К этому времени относится мучительный душевный кризис, который я переживал. Мои детские верования были уже поколеблены, и общий смысл рассудочной и так называемой научной критики христианства был мне известен. Но — странное дело — я размышлял, как скептик, а где-то в глубине души по-прежнему возникало особенное чувство, необъяснимое и таинственное, чувство личности Христа.Я как бы чувствовал иногда Его присутствие. И в то же время я жадно искал людей, с которыми я мог бы рассуждать и спорить на философские и религиозные темы, защищая скептицизм и нападая на положительную религию.[1179] Я уже успел тогда прочесть немало философских книжек.

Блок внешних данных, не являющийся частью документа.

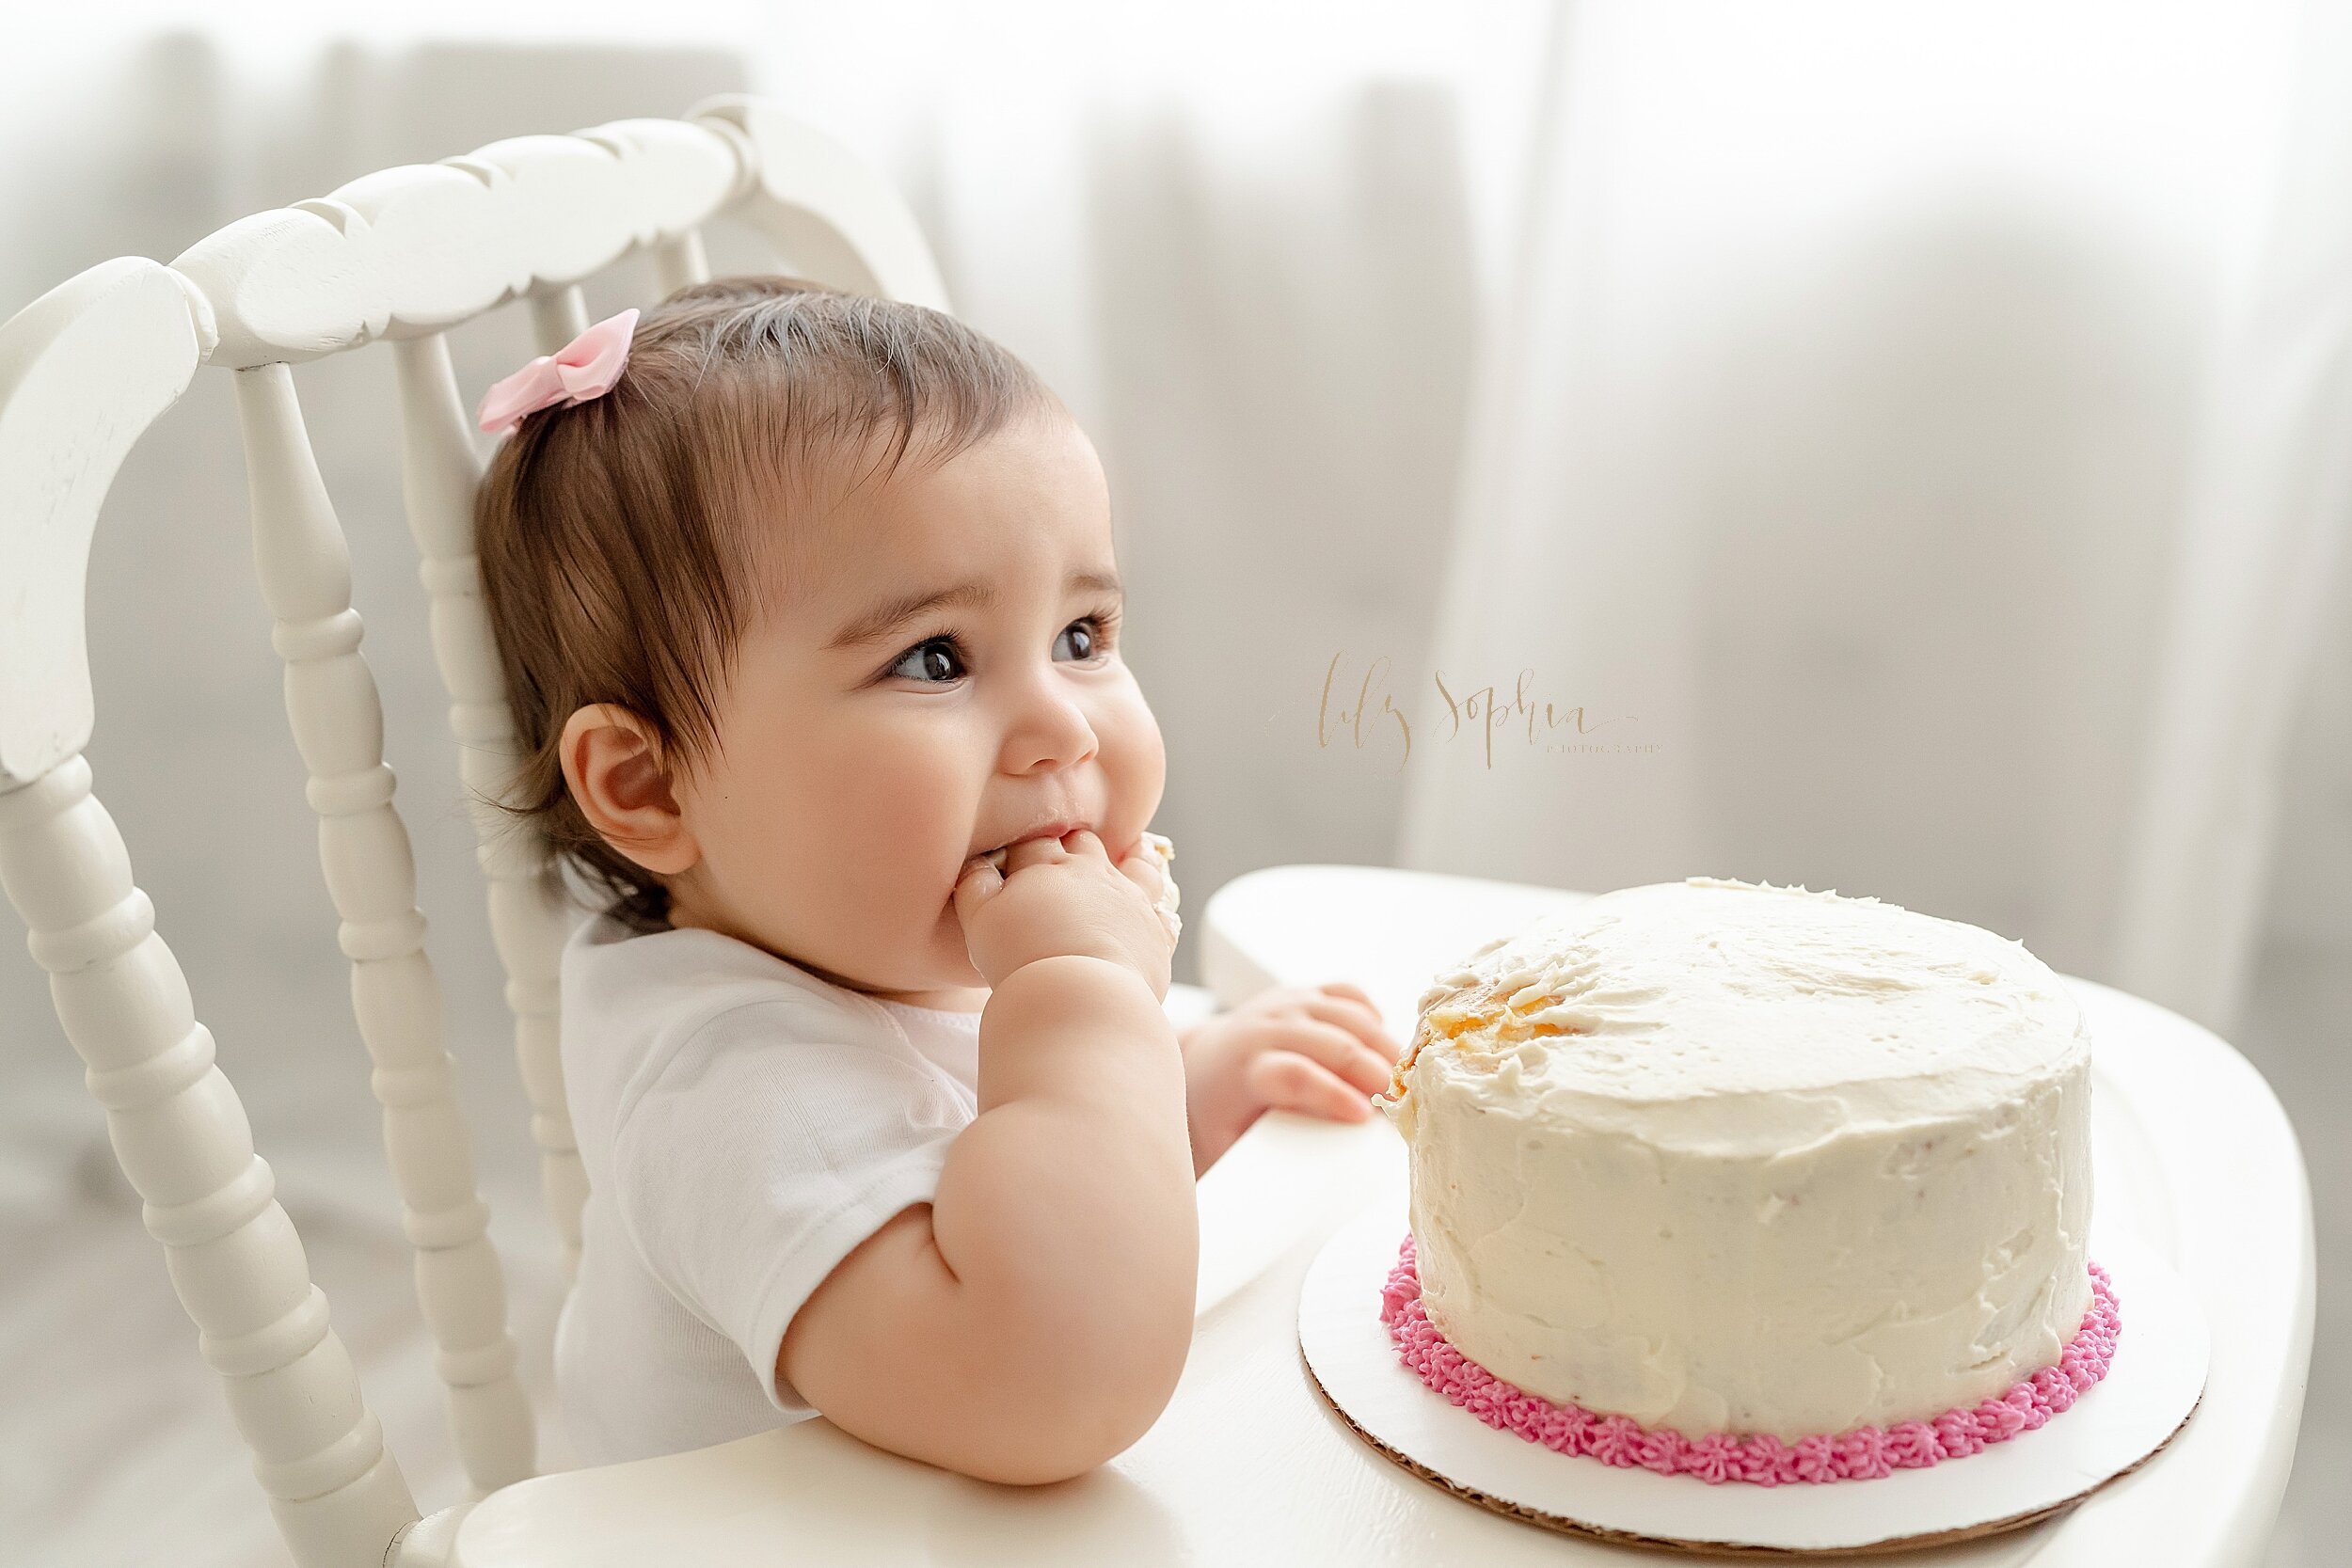 atlanta-georgia-buckhead-brookhaven-midtown-milestone-first-birthday-cake-smash-baby-girl-family-pictures_5639.jpg

Среди моих сверстников и товарищей по гимназии я не нашел ни одного, интересовавшегося теми вопросами, которые волновали меня. Зато я свел знакомство с несколькими гимназистами восьмого класса и со студентами, с которыми и вел беседы. К сожалению, никто из них не мог противопоставить моему ребяческому скептицизму ничего более мудрого. Я тосковал и задыхался в заколдованном кругу моих тогдашних представлений о мире. Вскоре я познакомился с Н. А. Ф. Это было случайное знакомство в саду дома Долинских, где жила наша семья и где жил этот Ф., студент-юрист четвертого курса. Я почувствовал к нему уважение за его образованность, которая казалась мне тогда глубокой и всесторонней. Пленяла меня также и цельность его мировоззрения. Он был атеистом и марксистом. Ему я обязан моим социалистическим воспитанием. Прошли годы, я встретился с этим Ф., и он вовсе не внушил мне прежних чувств. К атеизму я чувствовал отвращение. В марксизме я также разочаровался. Но социалистом я никогда не переставал быть. И этому Н. А. Ф. я до сих пор благодарен за то, что он мне открыл простую правдуо социальной закономерности.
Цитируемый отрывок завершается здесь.